Unless ABS investors have better access to standardised and relevant data, they will be unable to appraise ESG risks and satisfy sustainability objectives.
ICMA (International Capital Market Association) is calling on regulators to prioritise efforts to address a lack of ESG data in ABS (asset-backed securities) markets.
The plea came from ICMA’s Asset Management and Investors Council (AMIC) in a statement issued last Thursday (18 March).
“While many jurisdictions have announced mandatory corporate disclosure on climate-related factors, we anticipate that these improvements will enhance ESG transparency unequally across asset classes,” the statement says.
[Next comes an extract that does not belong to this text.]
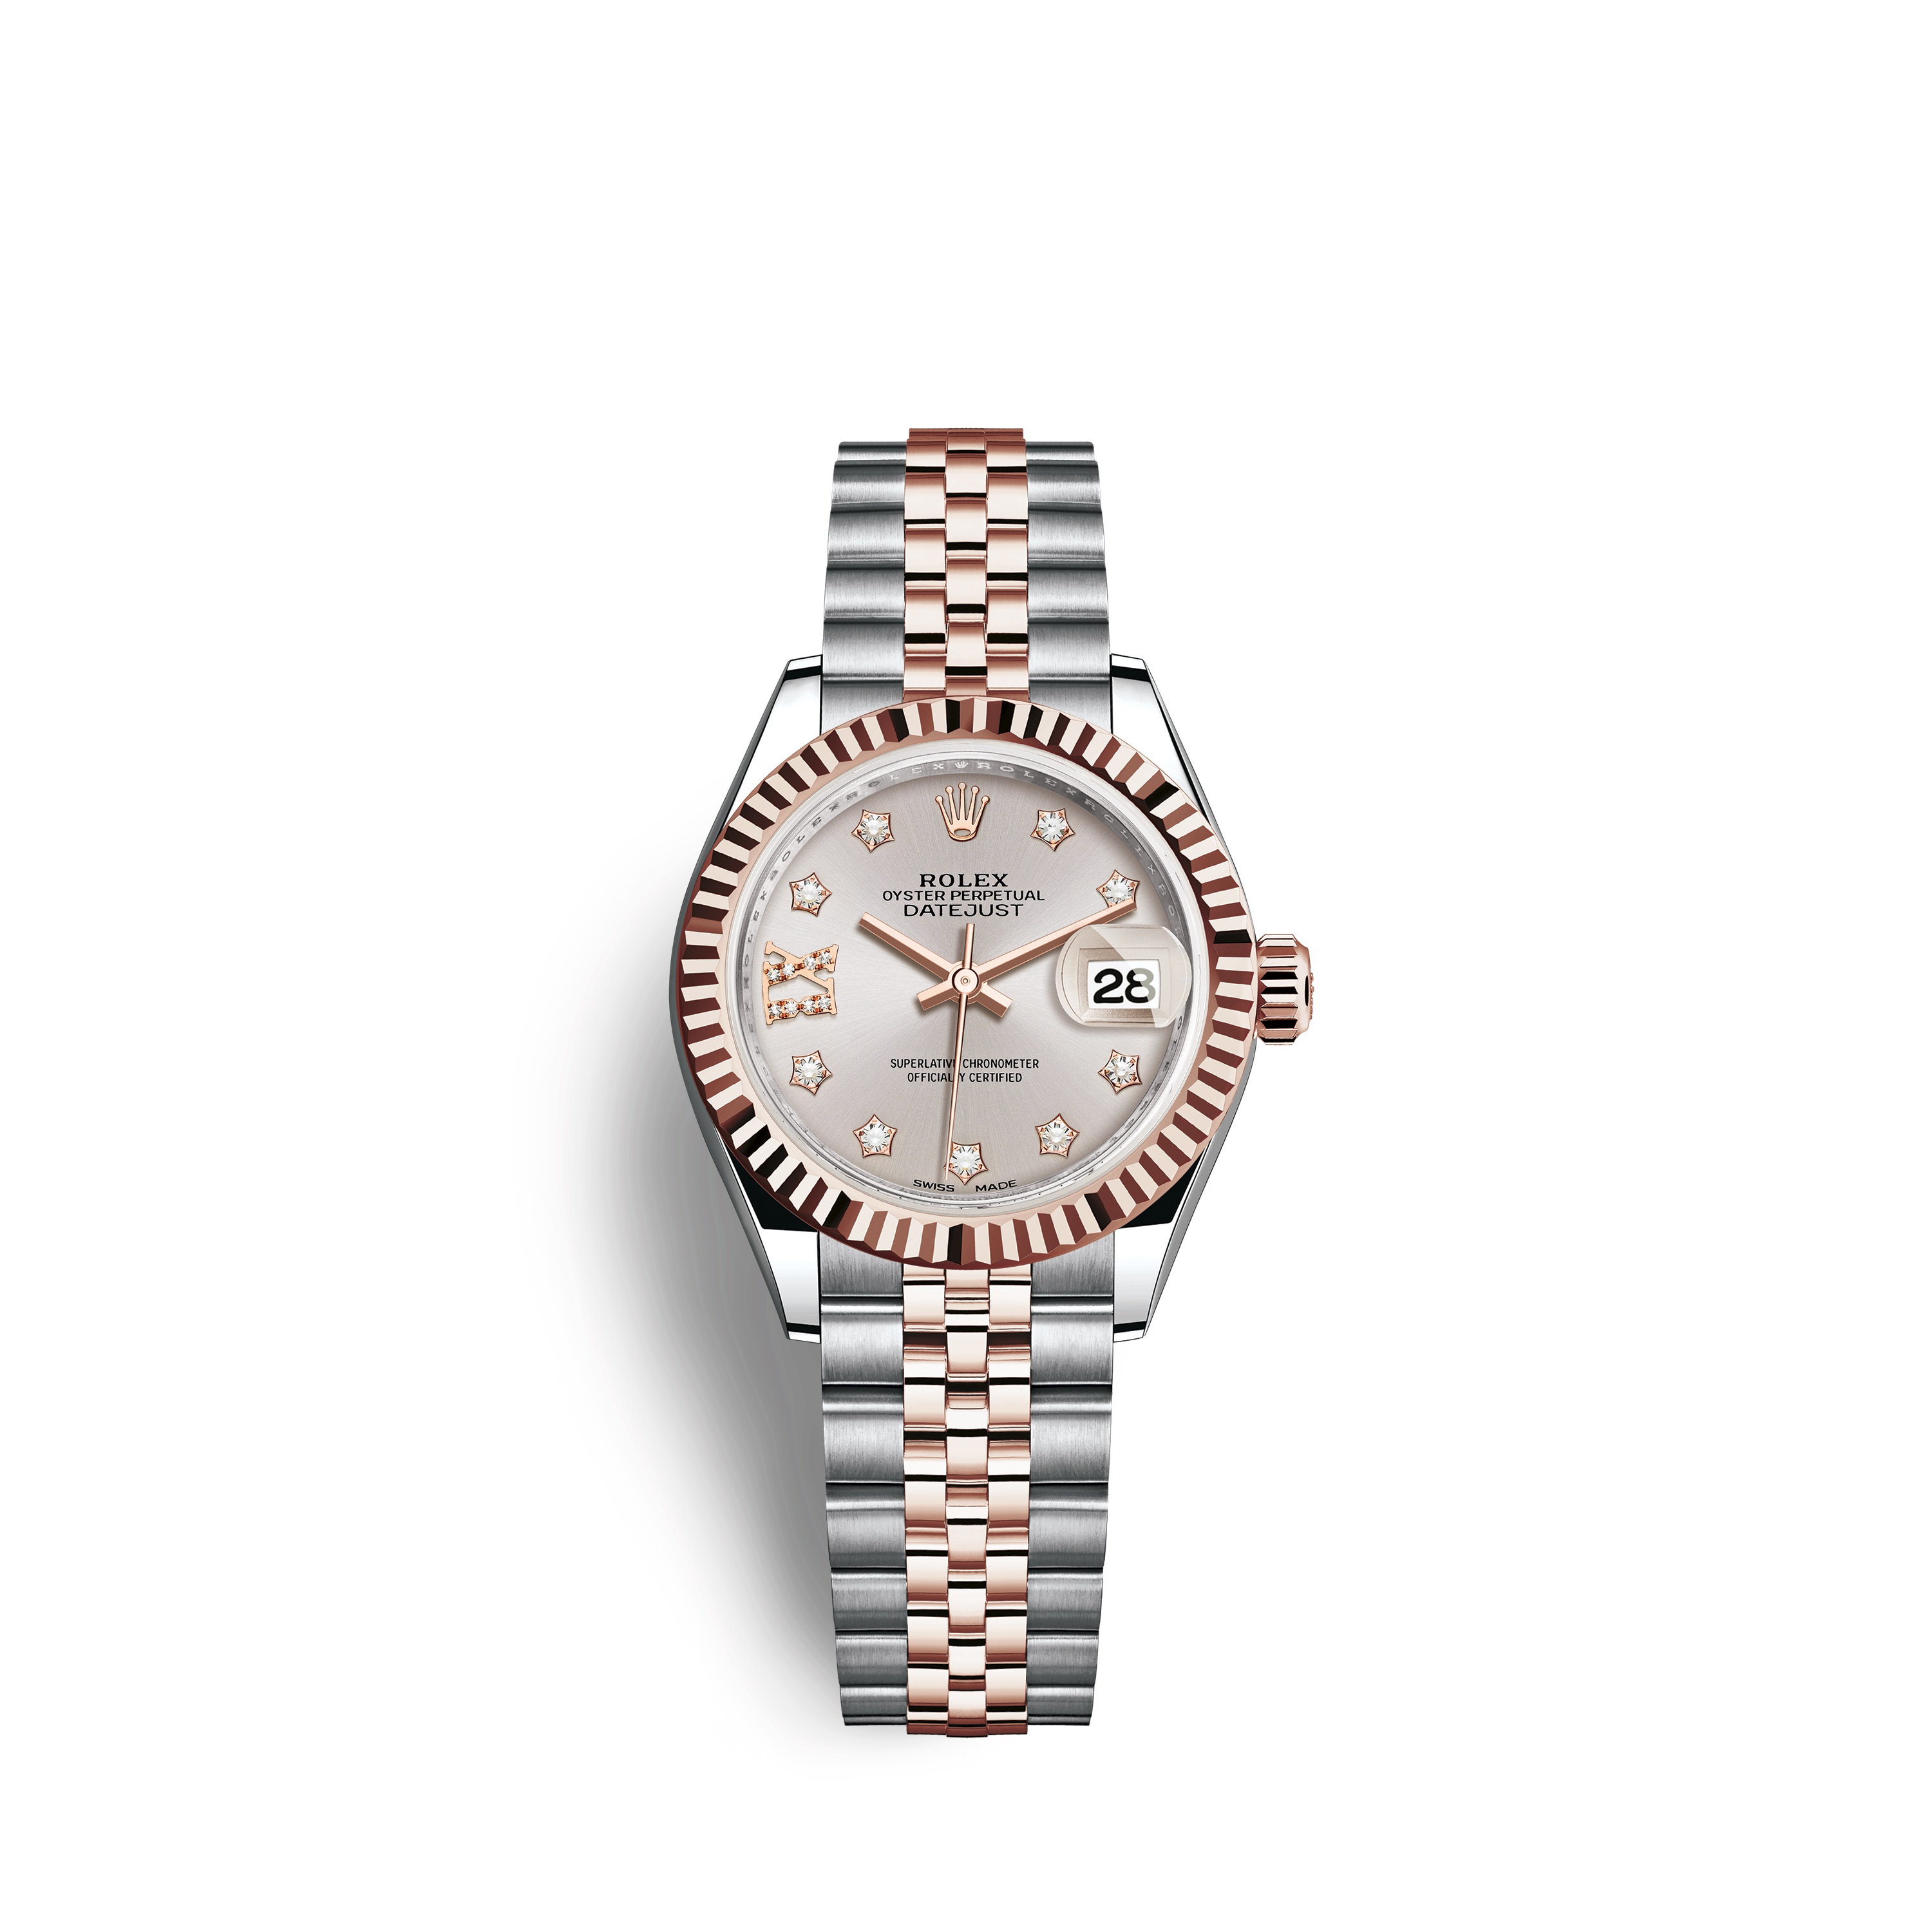 Lady-Datejust 28 279171 Rose Gold & Stainless Steel Watch (Sundust Set with Diamonds)

In particular, the AMIC highlights ABS as one investment class that “suffers from a paucity of relevant and standardised ESG information”, and which may not fully benefit from mandatory corporate disclosure requirements.
ABS includes mortgage-backed securities (MBS), commercial-backed securities, auto loan securitisation, collateralised loan obligations (CLOs), and whole business securitisation.
“Unlike the corporate bond market, there are no third-party sources of ESG data for the ABS investment universe,” the AMIC says. “For example, rating agencies that provide credit assessments on ABS do not typically opine on ESG (unless it materially impacts their credit assessment).”
The AMIC argues that unless ABS investors have better access to standardised and relevant data they will be unable to accurately and effectively appraise ESG risks and satisfy broader sustainability objectives.
The statement acknowledges improvements with environmental reporting for RMBS and auto-loans in the UK, and a December 2020 EU proposal to introduce broader ESG indicators for the entire securitised markets.
While these efforts help, the AMIC is calling on regulators to prioritise disclosure of material and standardised ESG data specifically for collateral asset pools.
In addition, it asks that reporting of material ESG risks be required at least annually, saying this frequency will ensure efficient pricing of the ESG risks of securitised instruments over time.
The AMIC also calls for the introduction of ESG metrics, specific ‘green’ securitisation metrics and standards, and collaboration between the structured finance industry and regulators to address the ESG data issues and embed further market changes.
The AMIC has set up an ad hoc working group to discuss ESG transparency of asset-backed securities. The working group plans to identify KPIs for three ABS sub asset classes – auto-loans, RMBS and CLOs.